Error Detection and Control in Data Transfer

22. 11. 1998

Erno Alhoniemi
Ti
Helsinki University of Technology

eal@cc.hut.fi

Abstract

Today's data is transfered over reliable communications. This is achieved by using error detection and control. There are different communications media with different quality of service (QOS). Consequently, there are several error detection and control schemes for different signal conditions. Some fundamental methods have existed for decades. In addition, there are also new methods that can take advantage of the nature of the signal type. These methods can be used to ensure reliable or adequate communications and faster data transfer rates which are used in today's innovative applications.

1. Error sources

No errors can occur in the ideal transmission medium. However, none of the transmission media is ideal. The signal representing the data is always subject to various error sources. As the signal propagates along the transmission media its amplitude decreases. This phenomenon is called as the signal attenuation. The signal cannot be detected if it is too weak. In addition, as the length of the medium increases the waveform also changes during the transmission. This phenomenon is called as the delay distortion. The signal cannot be recognized if it is too distorted. Furthermore, the transmission media can also be a subject to interference resulting from other cables or signals caused by electromagnetic radiation. The medium itself may also cause constant white noise.
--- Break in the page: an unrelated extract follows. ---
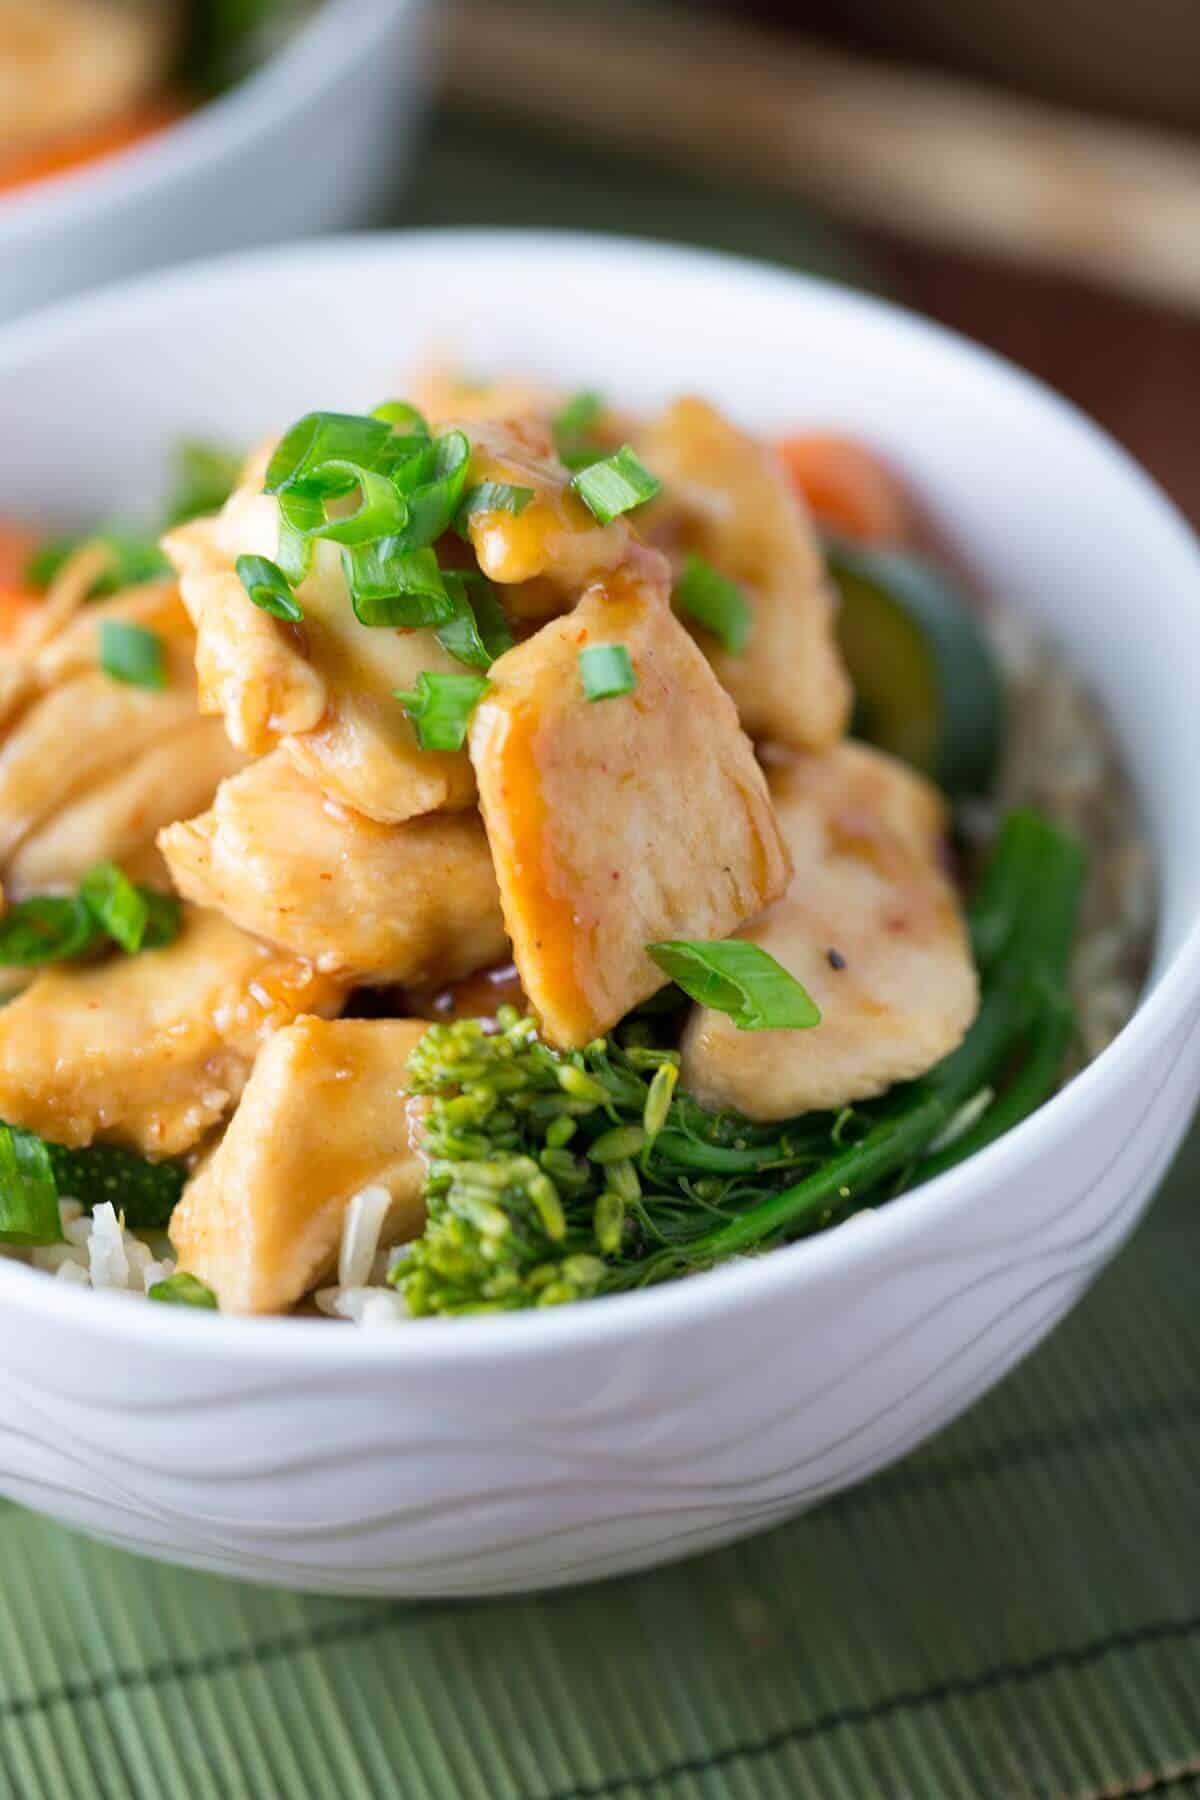 Golden honey spicy Sriracha stir-fry recipe

All transmission errors increase as the length of the transmission medium inreases. [6]

2 Error bursts

In practice, data communications systems are designed so that the transmission errors are within acceptable rate. Under normal circumstanced there are only few errors. However, it is possible that the signal conditions can be sometimes so weak that sometimes the signal cannot be received at all. It is also possible that sometimes the interference signal is stronger than the signal to be transmitted. Consequently, the data sent during the break is lost. The contiguous blocks of data corrupted by the error signal are called error bursts. The length and frequency of the error bursts depend on the quality of the data link which in turn depends on the transmission medium and the signal conditions. Therefore, the error detection and control should be able to handle as many errors that possible. However, the applications limit which error detection and control schemes are suitable. All applications benefit from the effeciency of the sheme to be used. In addition, some applications may require short codeword length or low latency whereas some other applications might prefer extremere low error rate, for example.

3 Error detection

Error detection is a method that allows some sommunications erros to be detected. The data is encoded so that the encoded data contains additional redundant information about the data. The data is decoded so that the additional redundant information must match the original information. This allows some errors to be detected. Unfortunately, some error bursts may cause incorrectly received blocks which pass the error detection test. Therefore, good error detection schemes are designed so that this should occur as infrequently as possible.

3.1 Parity checking

Parity checking is a primitive character-based error detection method. The characters are encoded so that an additional bit is added to each character. The additional bit is to 0 or 1 according to the number of bits set in the character. The resulting number is either even or odd. There extra bit is set according to this result and according to which parity setting, either even or odd, is being used. If even parity is used, the extra bit is always set so that the codeword always contains an even number of  bits set. In even parity, the number of bits set in the codeword is always odd. The decoding is done simply by checking the codeword and removing the extra bit. The parity checking will only detect one bit error bursts in each codeword. Parity checking has been used in character-based terminals but it is not useful for today's reliable communications. However, it is being used in memory chips to ensure correct operation.

3.2 Block check

Block check is a block-based error detection method. The data is divided in blocks in the encoding process. An additional block check is added to each block of data. The check is calculated from the current block. The receiver also performs the same calculation on the block and compares the calculated result with the received result. If these checks are equal the blocks are likely to be valid. Unfortunately, the problem with all block checks is that the block check is shorter than than the block. Therefore, there are several different blocks that all have the same checksum. It is possible that the date is corrupted by a random error burst that modifies the block contents so that the block check in the corrupted frame also matches the corrupted data. In this case the error is not detected. Even best block checks cannot detect all error bursts but good block checks mimimize this propability. However, the reliability increases as the length of the block check increases.

3.2.1 Block check sum

Block check sum is a primitive block check sum that is the sum of all characters in the block. The result is a character that is equally long as the characters in the block. Therefore, the result is sometimes referred as the block check character (BCC). Unfortunately, even a long BCC may allow relatively simple errors. In other words, it is easy to find different blocks that generate the same block check sum. Calculating check sum is certainly fast and easy but the reliability of the check sum is not adequate for today's reliable communications. However, due to its speed it is used in some applications which require that the calculation is done by the software. [6]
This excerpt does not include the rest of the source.